In response to looting, the Newfoundland Marine Archaeology Society (NMAS) performed the first initial excavation and survey on the wreck in 1974; over 300 artifacts were retrieved including examples of late seventeenth century glass and ceramics. A National Film Board documentary about the site was produced by Ted Remerowski in 1979, which chronicles a 1977 underwater archeological expedition led by Robert Grenier of Parks Canada to recover artifacts from the wreck.

Eventually about 2,500 artifacts were taken from the wreck and are in storage in St. John's and Ottawa. One notable artifact recovered was an Ottoman pipe bowl, or chibouk, one of only a handful found in North America. Also recovered in excellent condition was a nocturnal, with the paint used to highlight the incised numbers having survived.

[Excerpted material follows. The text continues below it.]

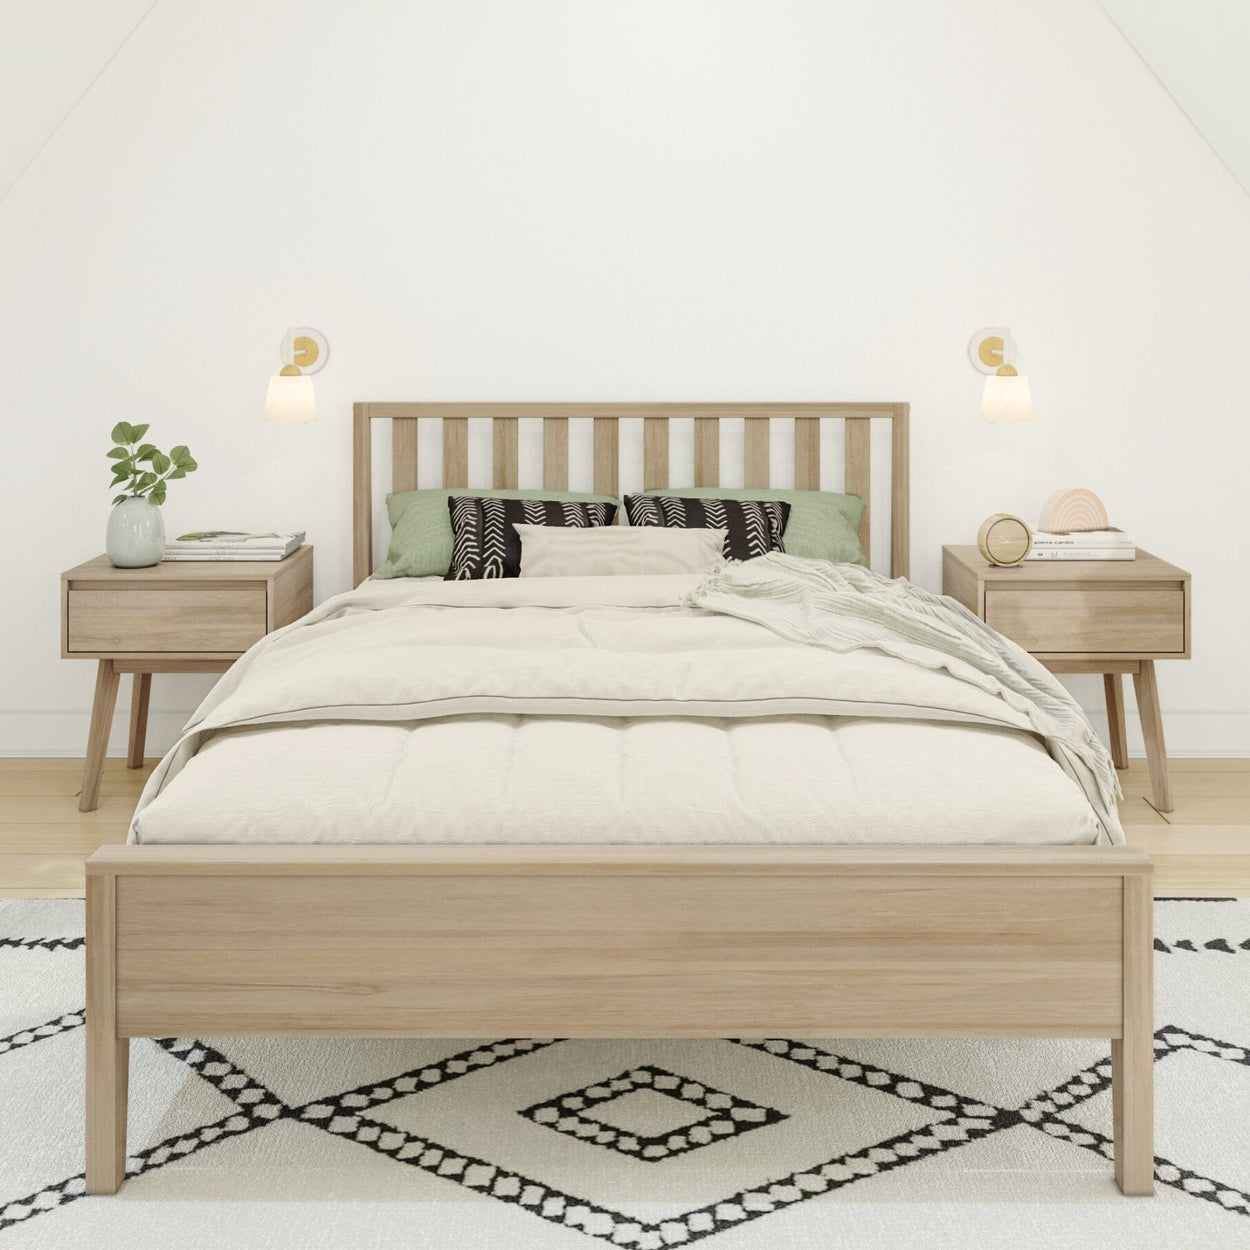 210211-010 : Kids Beds Scandinavian Full-Size Bed with Slatted Headboard, Blonde
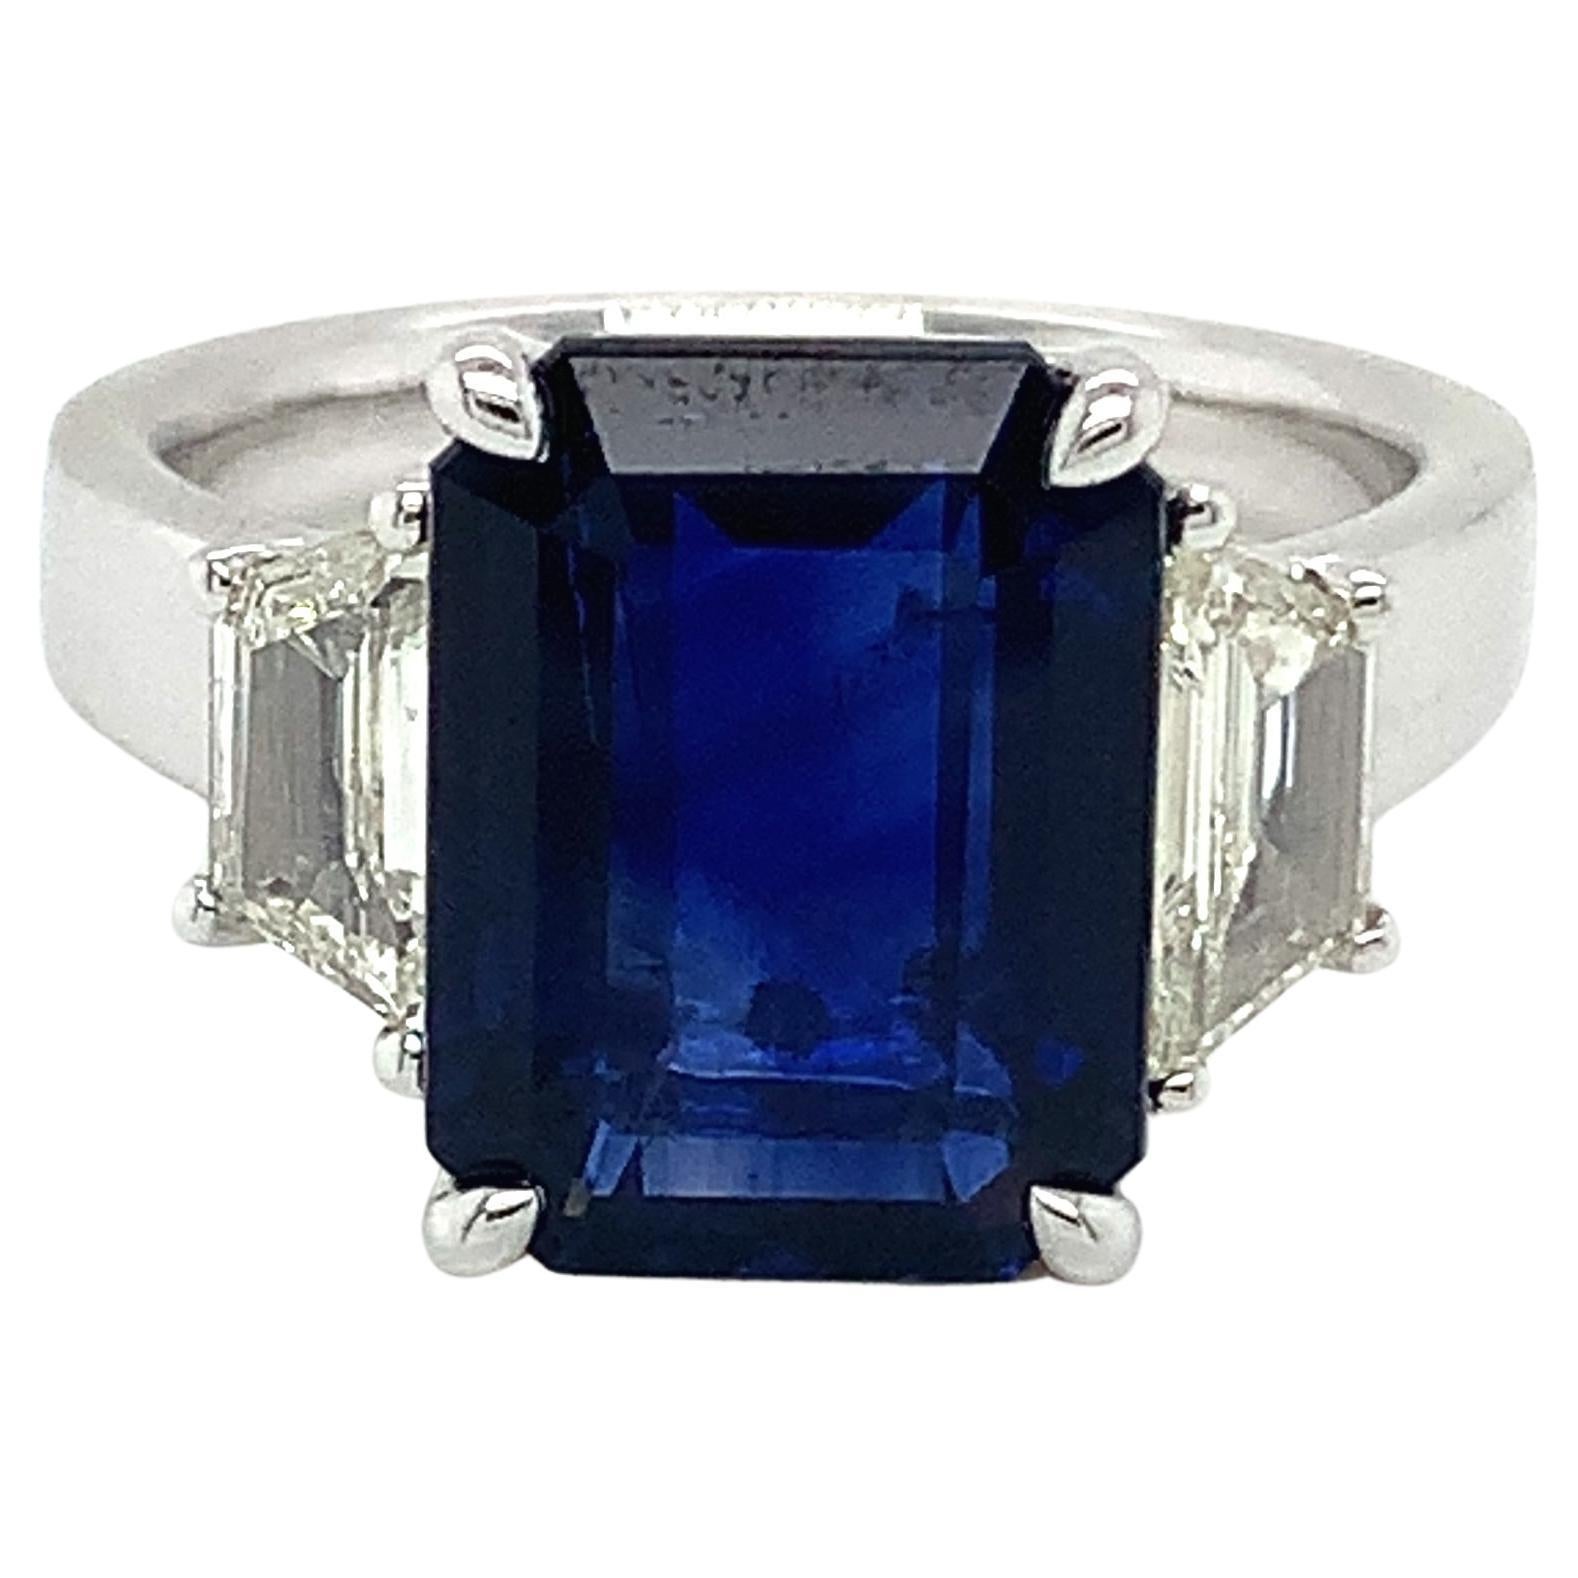 5.79 Carat Ceylon Sapphire & Diamond Ring in Platinum

In 1987, divers with the NMAS noted that the lead anchor for a nearby fish farm structure had been placed on the mounds of sandbags protecting the wreck; the owners of the fish farm relocated the anchor to a point south of Sapphire. In 1993, Sapphire was one of eight known archaeological wrecks of British warships from the circa 1700 period. Circa 1999, the HMS Sapphire Foundation was established to investigate creating an interpretation centre, which was never built. In 2003, the Provincial Archaeology Office (PAO) worked with the Bay Bulls harbour authority (BBHA) to ensure the wreck was protected while oil rig work was done close to the site.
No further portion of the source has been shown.